After hiking up another beautiful snowy mountain amongst thousands of penguins, One Ocean Expeditions had two surprises for us. First of all the amazing view. Second of all, we had the option to slide down. On our back. Head first. I didn’t have to think one second about it and took the ride. It was so cool that I ended up going three times.

The Backpacker Intern Sliding Down Hill Antarctica


4) The World’s First Antarctic Zodiac Party

On one afternoon we were zodiac cruising through amazing formations of Icebergs in the so-called ‘Iceberg Graveyard’. Our zodiac driver: the amazing Russel aka Rusty Rides. One of our group members was Nick Onken, a great guy and talented photographer. Luckily for us he took his Beats by Dre Pill (portable soundsystem) with him on the Zodiac. It didn’t took long for Nick to start the party. I can never ever listen to ‘Turn Down For What’ by Dj Snake & Lil John again without thinking about the awesome ‘World’s First Antarctic Zodiac Party’.

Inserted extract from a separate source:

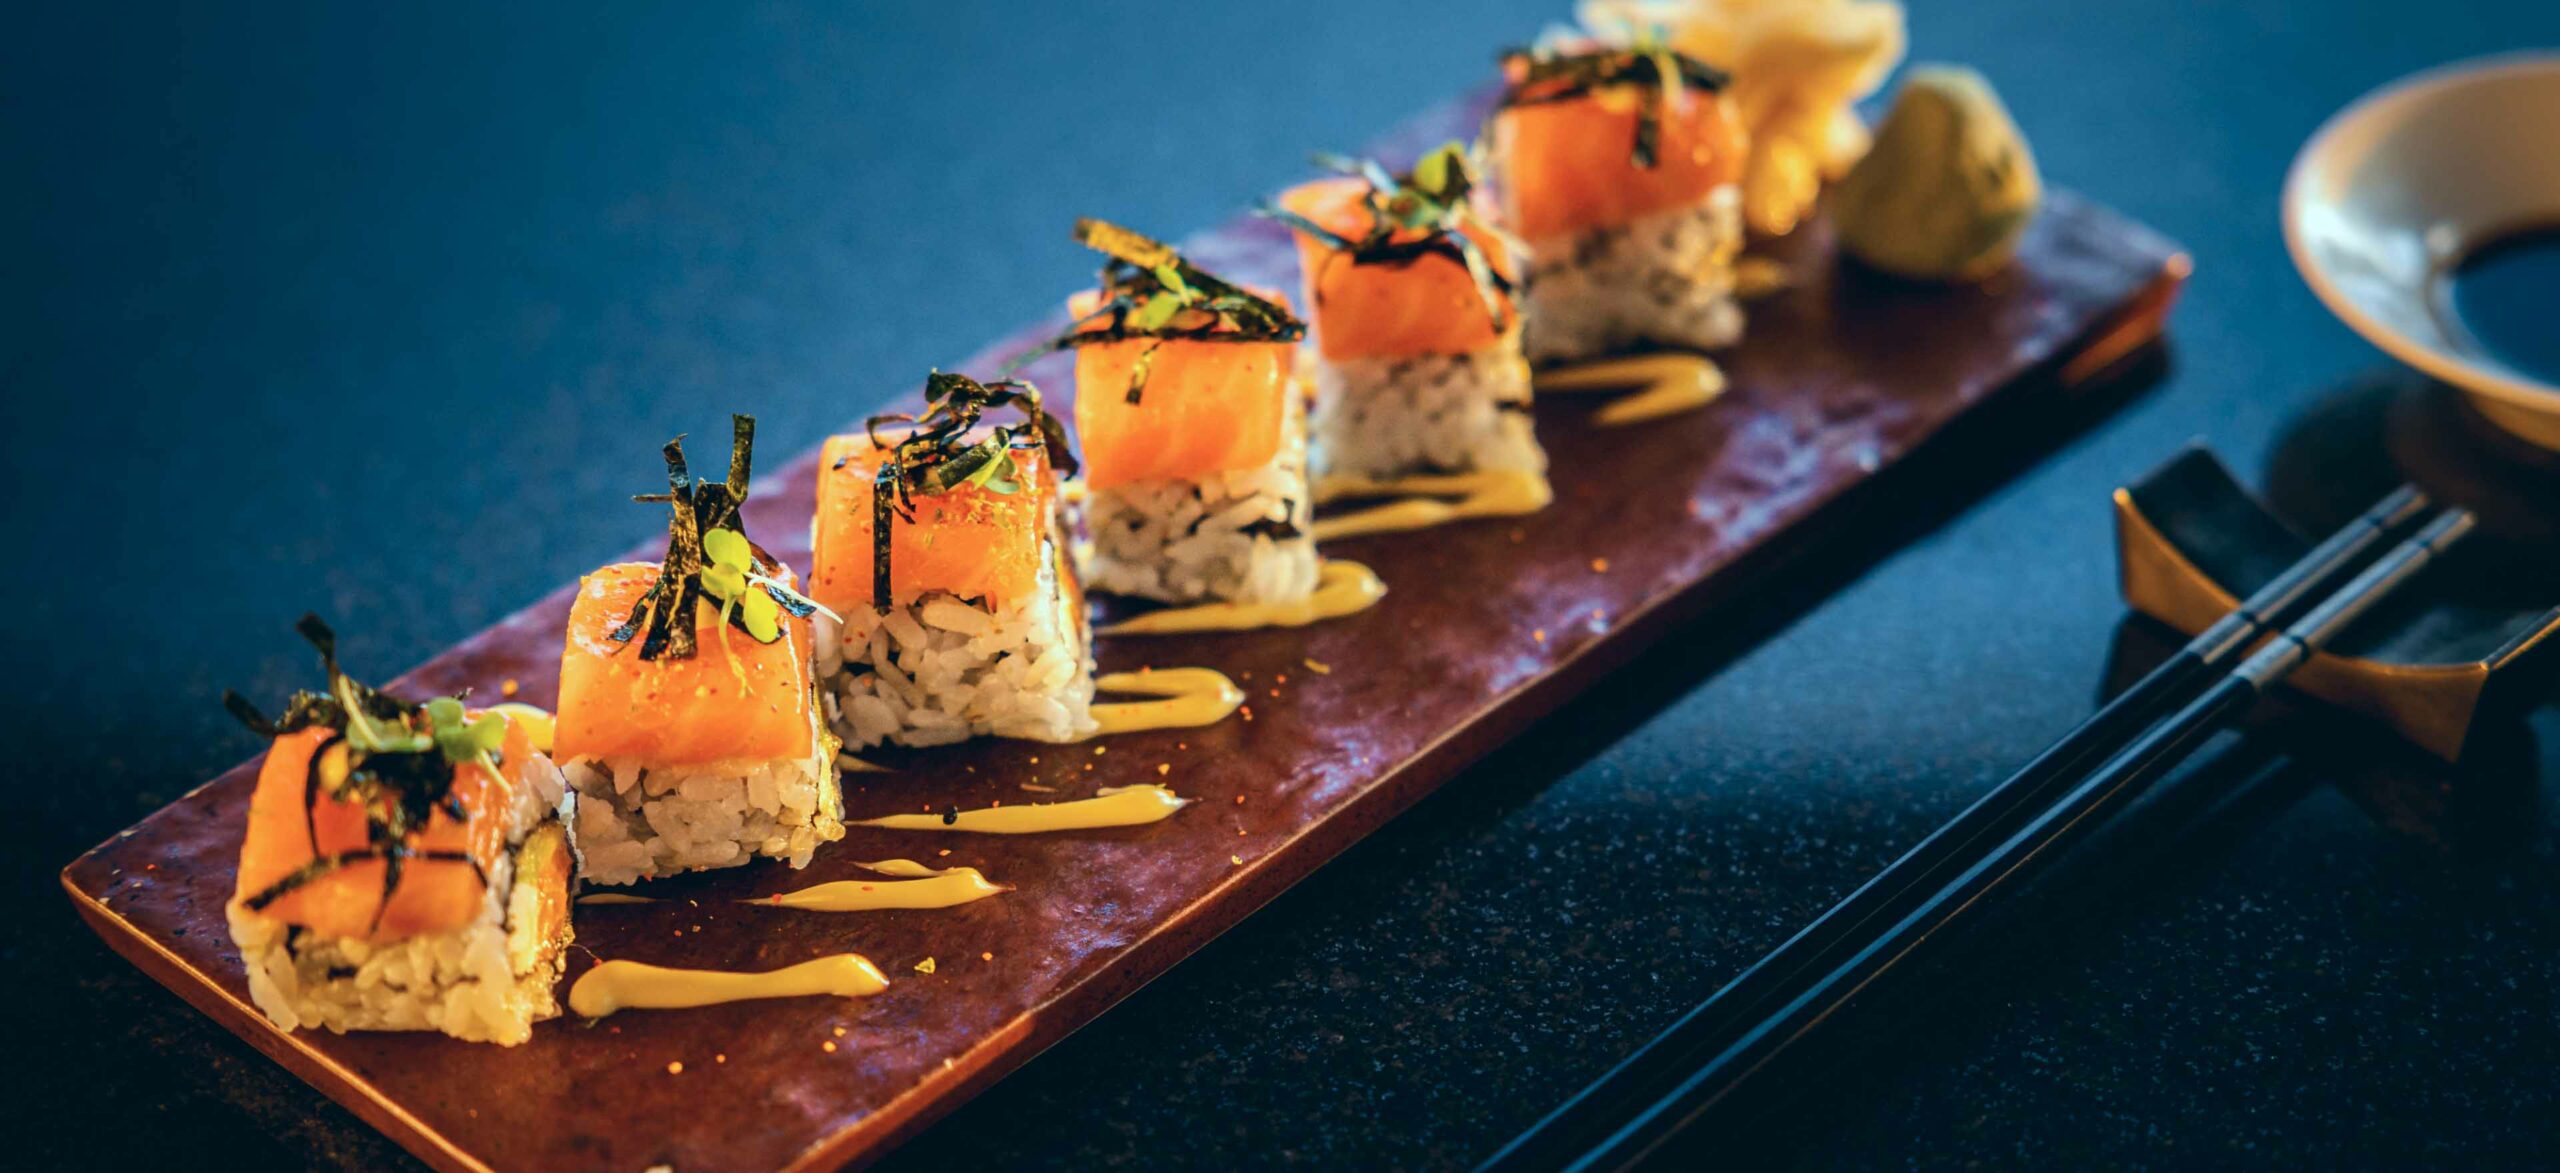 Sushi at Feeling Koi, Elevated Japanese Cuisine & fine dining in the Maldives.

Zodiac Party - The Backpacker Intern

5) Sleeping One Night in Our Own Ice-graves

“For the folks who want to sleep one night on the ice, the Zodiacs leave in 10 minutes.”. That was my wake-up call through the ship’s intercom. I was so tired from all the excursions (okay and we had some drinks at the bar) that I just crashed and fell asleep. I didn’t want to miss this one for gold so I quickly grabbed my stuff and got dropped on the ice. Here we had to dig our own graves. I slept one night on Antarctica in 3 layers of clothes, 2 sleeping bags, under an amazing sky full of stars and with penguins and leopard seals just 10 meters in front of us. Amazing!

Ice-Grave on Antarctica - The Backpacker Intern

6) 11 Days Without Internet in Pure Nature

I’m online all the time. Whether it’s working, social networking, discovering music, reading blogs or watching double rainbows. Good to know; there’s no Wi-Fi on Antarctica. Good to know too; it’s perfect. Because any form of Internet did not distract me I was enjoying the pure beauty of Antarctica to the max. It’s the perfect place for a social (media) detox.

The Backpacker Intern on Antarctica Mountaintop


7) Antarctic Wedding of an Awesome Couple

Last but not least there was a famous wedding during our trip. A wedding! On Antarctica! Taiwanese-American host Janet Hsieh and Singapore-based actor-host George Young decided to get married on the 7th continent. They brought a group of friends from all over the world with them and Discovery Channel to film their adventures. It was so cool because Janet immediately made me part of their group and that made my whole trip so much more special. Thanks so much for that! I wish Janet & George all the luck in the world for the future. It was wonderful meeting you guys.

George and Janet Just Married photo

All of these highlights happened because I managed to get an internship at One Ocean Expeditions and got supported by Beluga Adventures. In exchange I’m publishing exciting content about this trip. More to come soon. Thanks again for making this happen both of you!


If you ever have the chance to visit Antarctica; do it. If not; create your chance. It is, by far, the most amazing trip and experience I’ve ever had in my life. If you want to book a trip to Antarctica like I did, check out One Ocean Expeditions. If you’re Dutch or from Belgium I recommend to talk with Beluga Adventures. I hope more people will have the opportunity to visit this amazing part of the world.

My final shout out goes to the One Ocean Expeditions crew and the rest of the awesome passengers on the Akademik Ioffe (you know who you are) thank you so much for making this trip extra extraordinary!

4 thoughts on “My 7 Highlights From The 7th Continent; Antarctica

  1. Kate

    All my life I’ve had a strong believe that I hated snow so eventualy I moved to Madagascar not to experience it ever again;) but now after reading your highlights man, I seriously wanna visit Antartica! Sounds truly amazing!